# YOUR OBJECTIVE:
Without any of the pictures, transcribe all the lines below exactly.

# DATASET EXCERPT:
^^^^

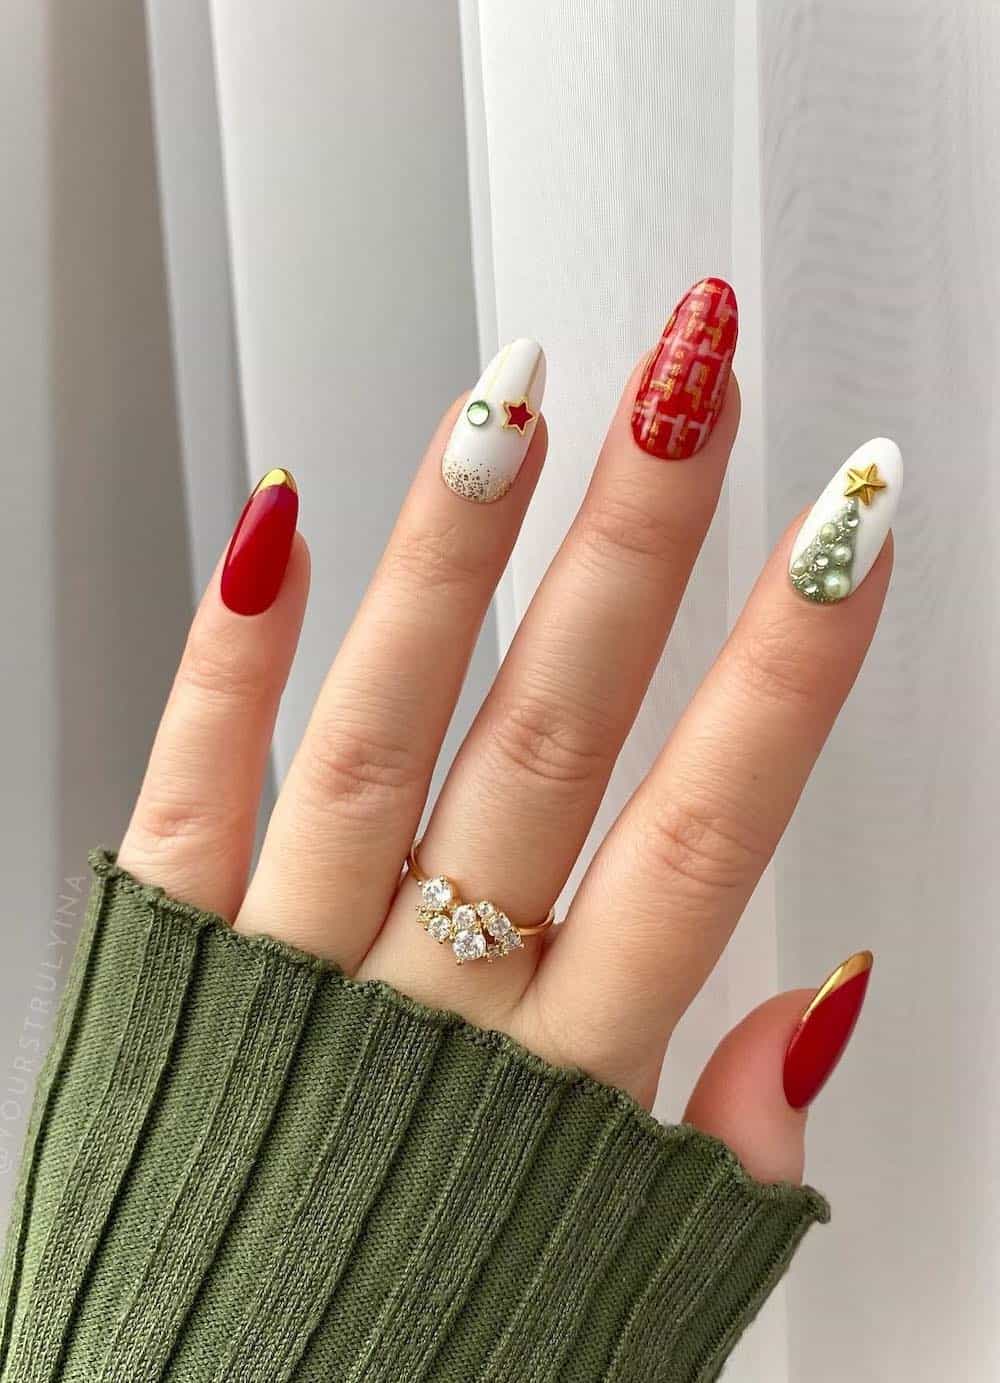 Red and white Holiday manicure with a green Christmas tree detail and star jewels.
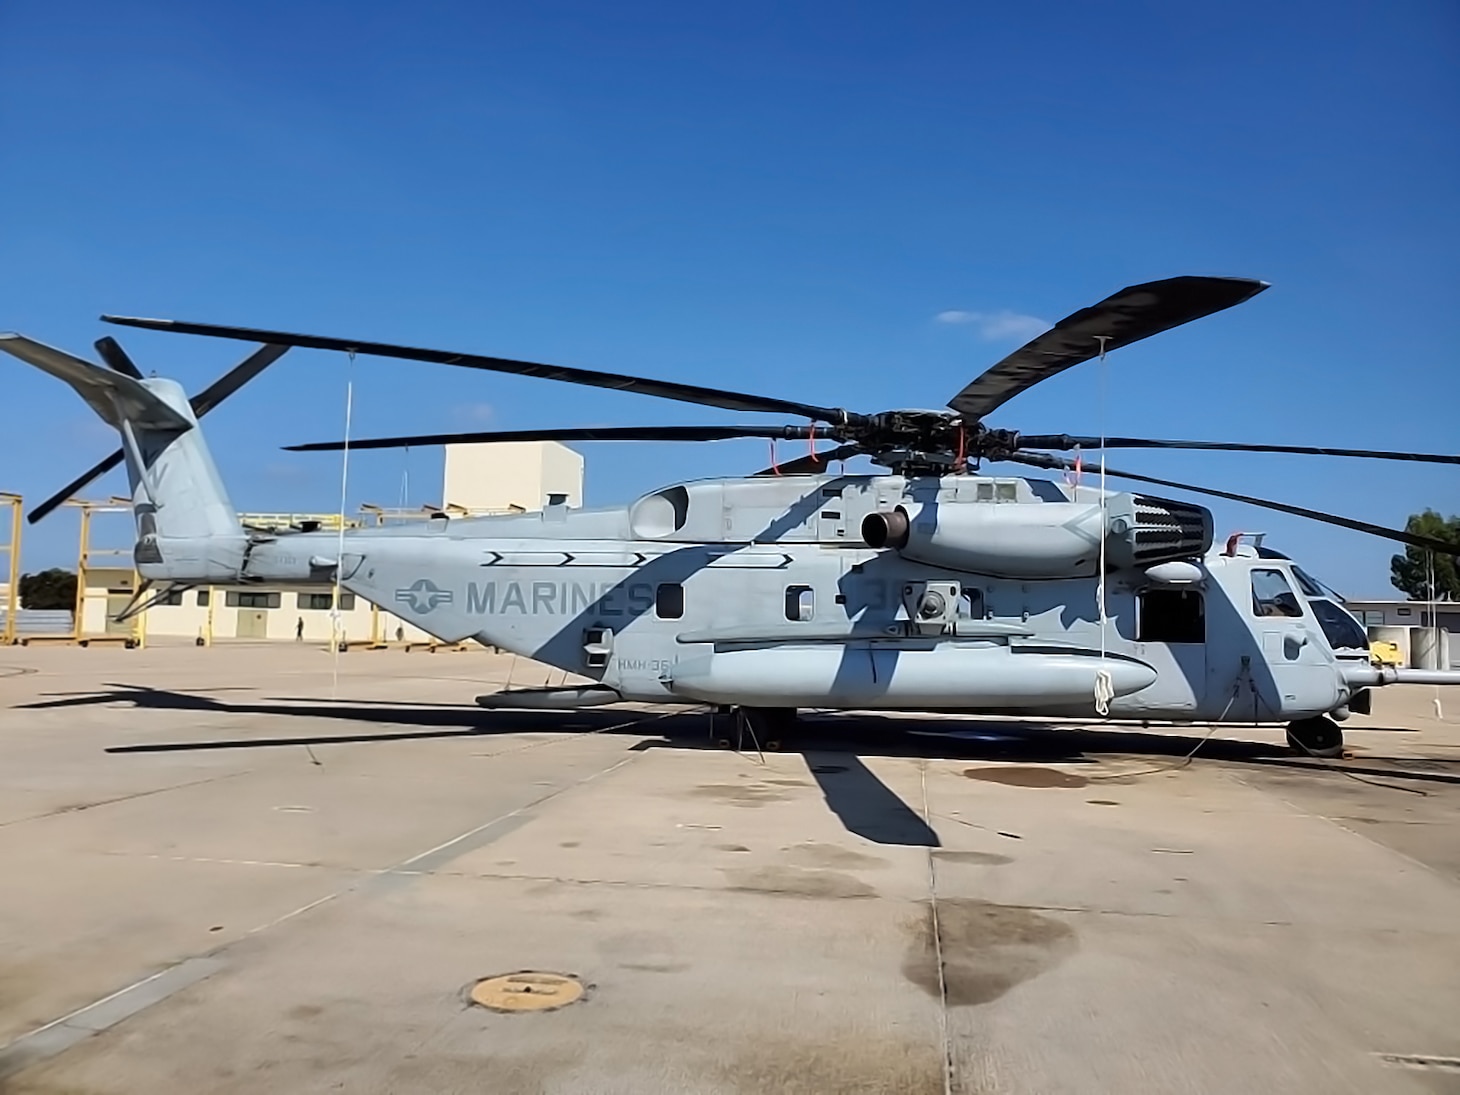 The 50th CH-53E to go through RESET was delivered back to Marine Heavy Helicopter Squadron (HMH) 466 as a Full Mission Capable, turnkey asset following RESET.
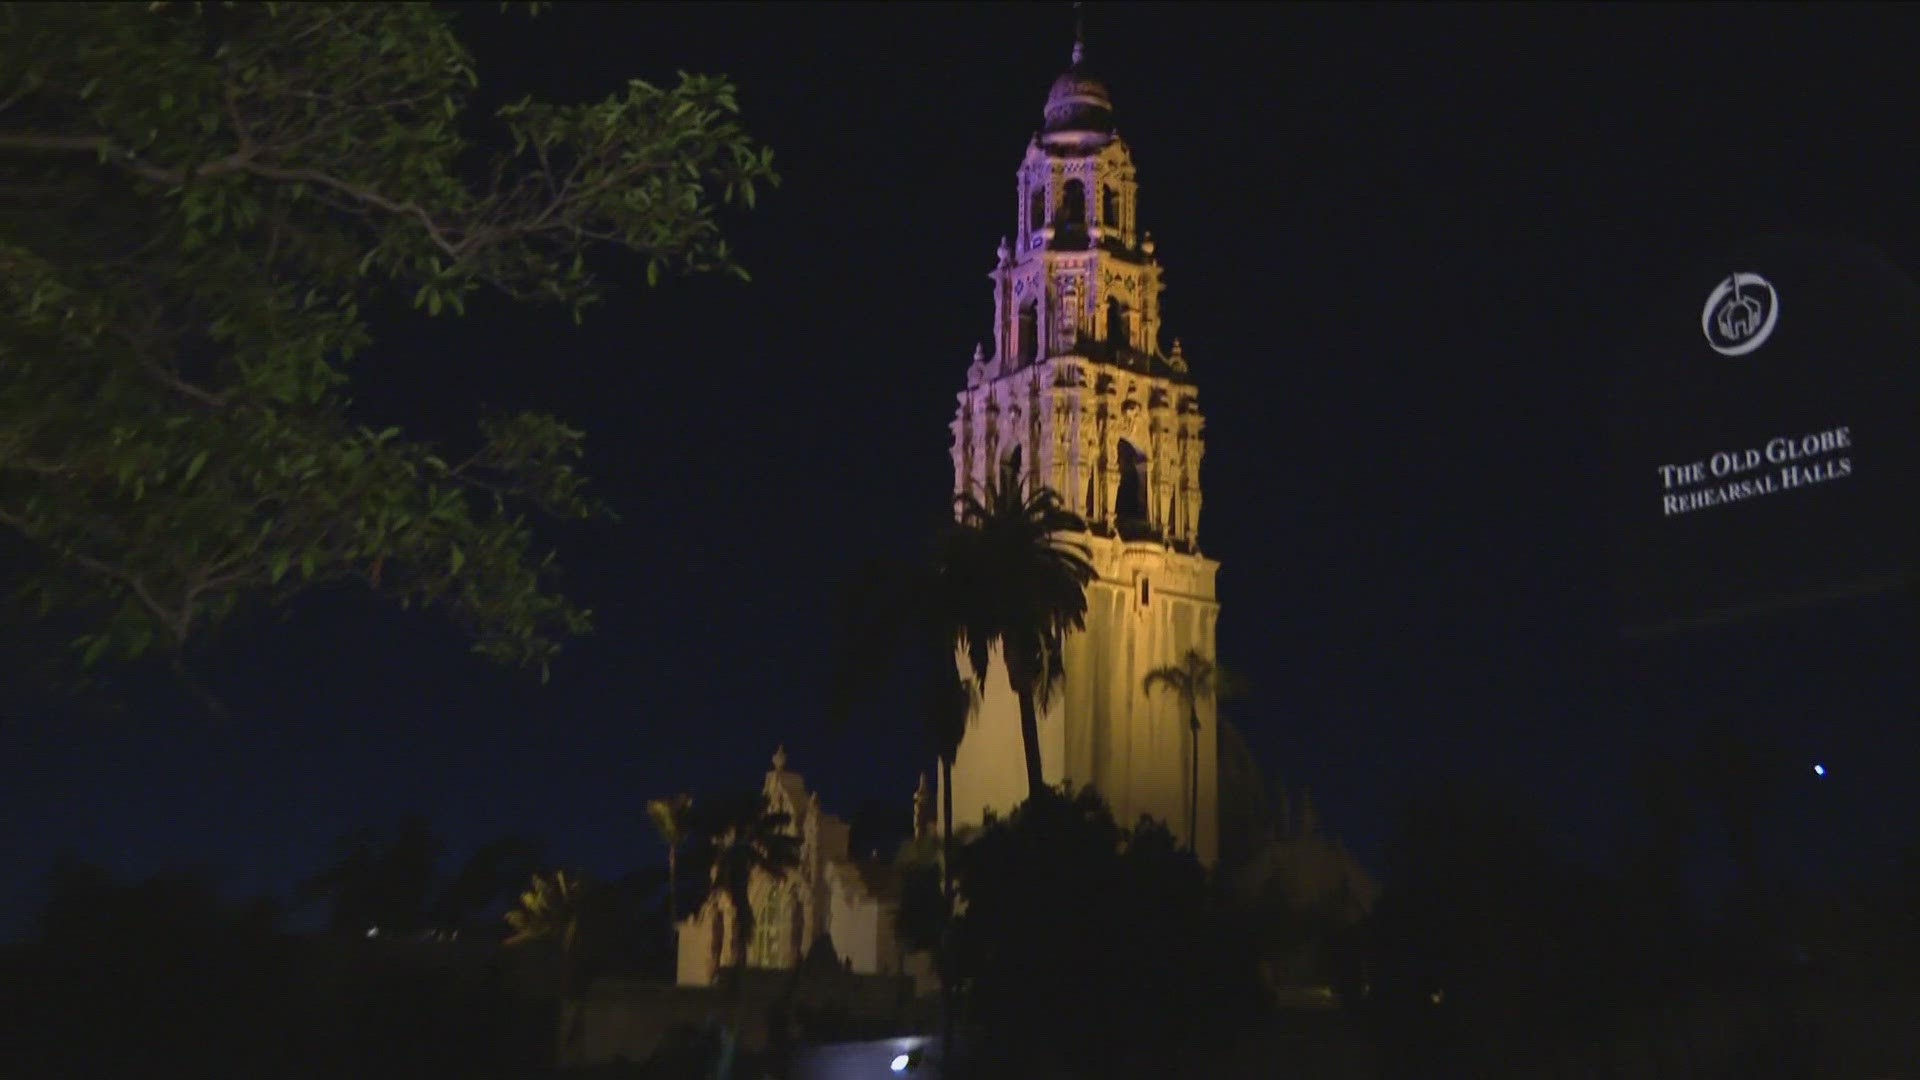 Many people said the poor lighting at Alcazar Garden is a safety concern.
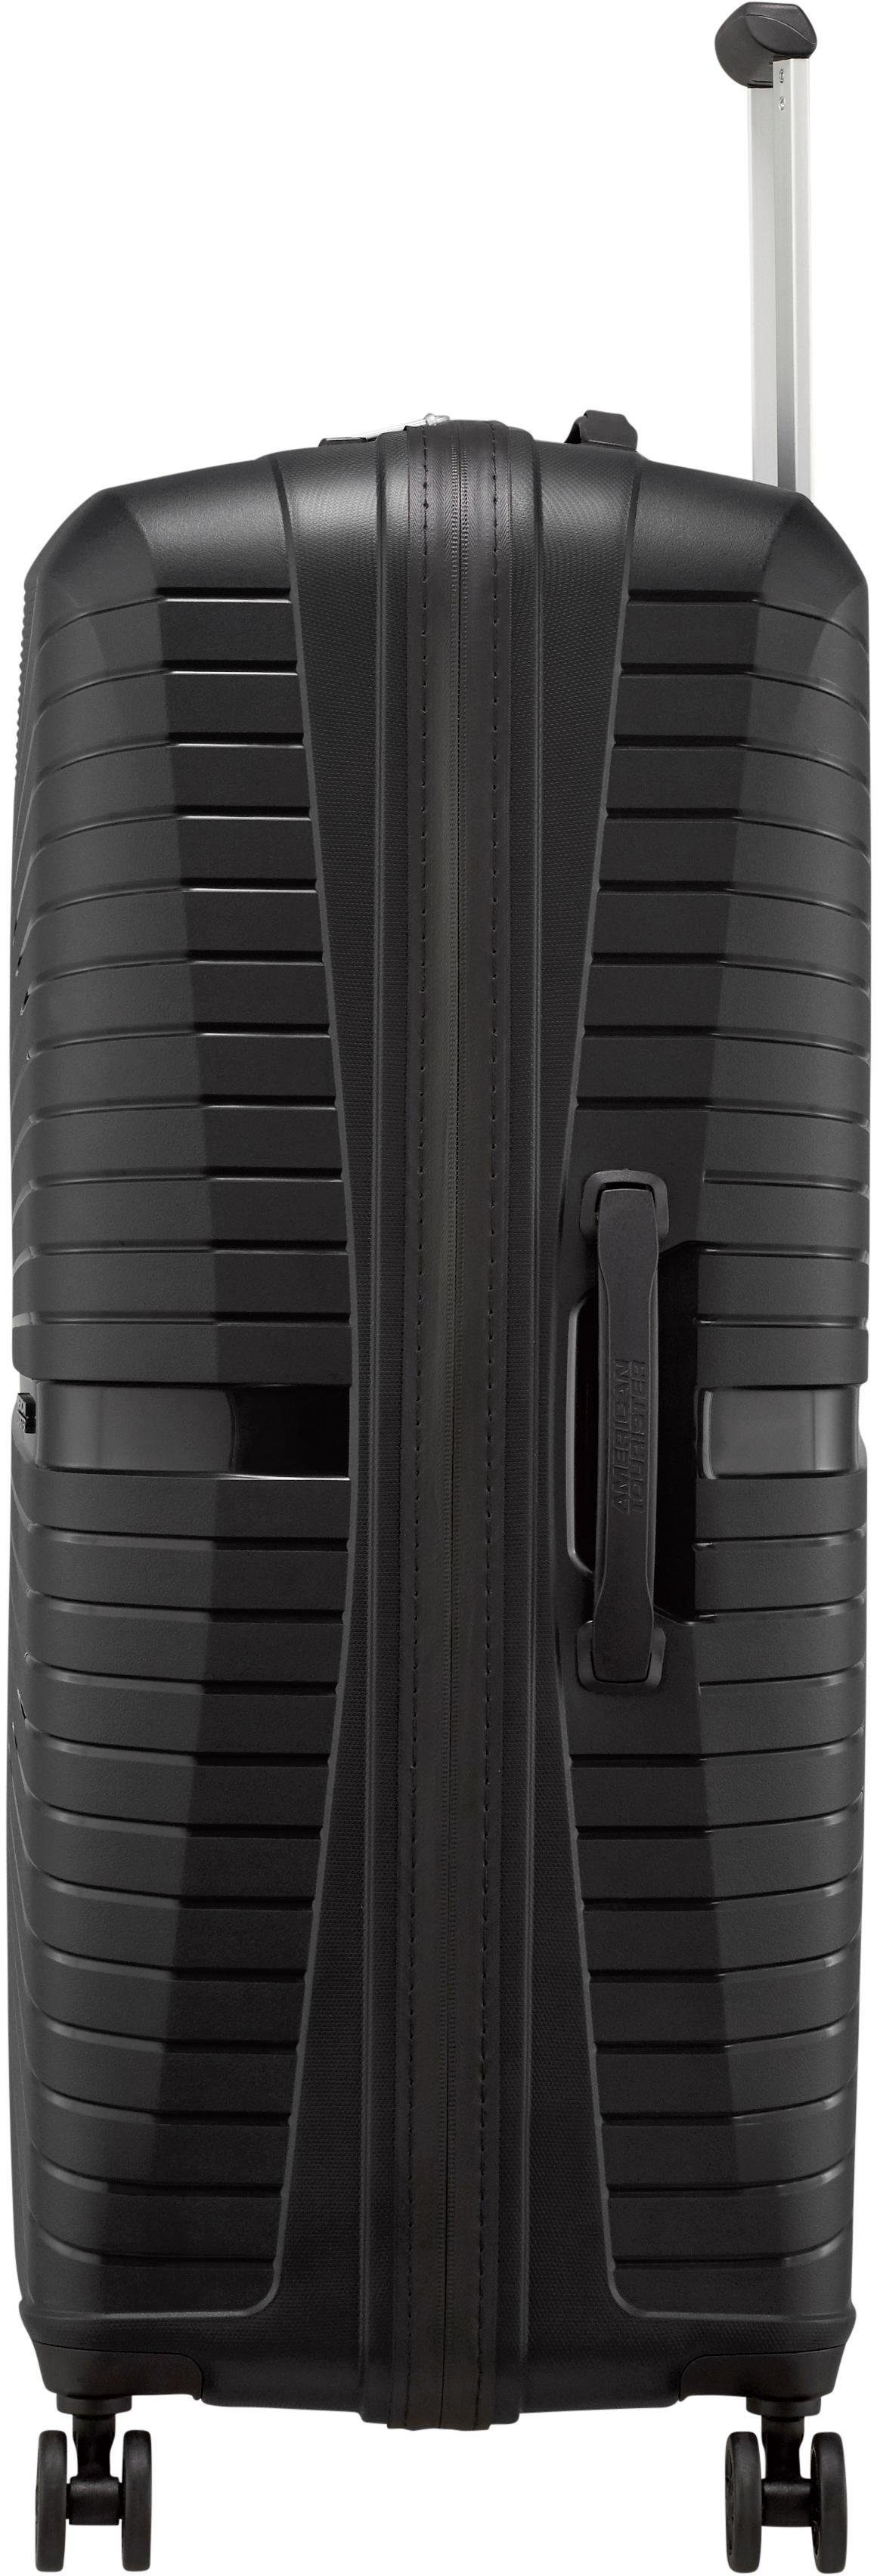 4 American Spinner Onyx Rollen 77, Black Tourister® AIRCONIC Koffer

^^^^

# YOUR RESPONSE:
 Red and white Holiday manicure with a green Christmas tree detail and star jewels.
 The 50th CH-53E to go through RESET was delivered back to Marine Heavy Helicopter Squadron (HMH) 466 as a Full Mission Capable, turnkey asset following RESET.
 Many people said the poor lighting at Alcazar Garden is a safety concern.
 4 American Spinner Onyx Rollen 77, Black Tourister® AIRCONIC Koffer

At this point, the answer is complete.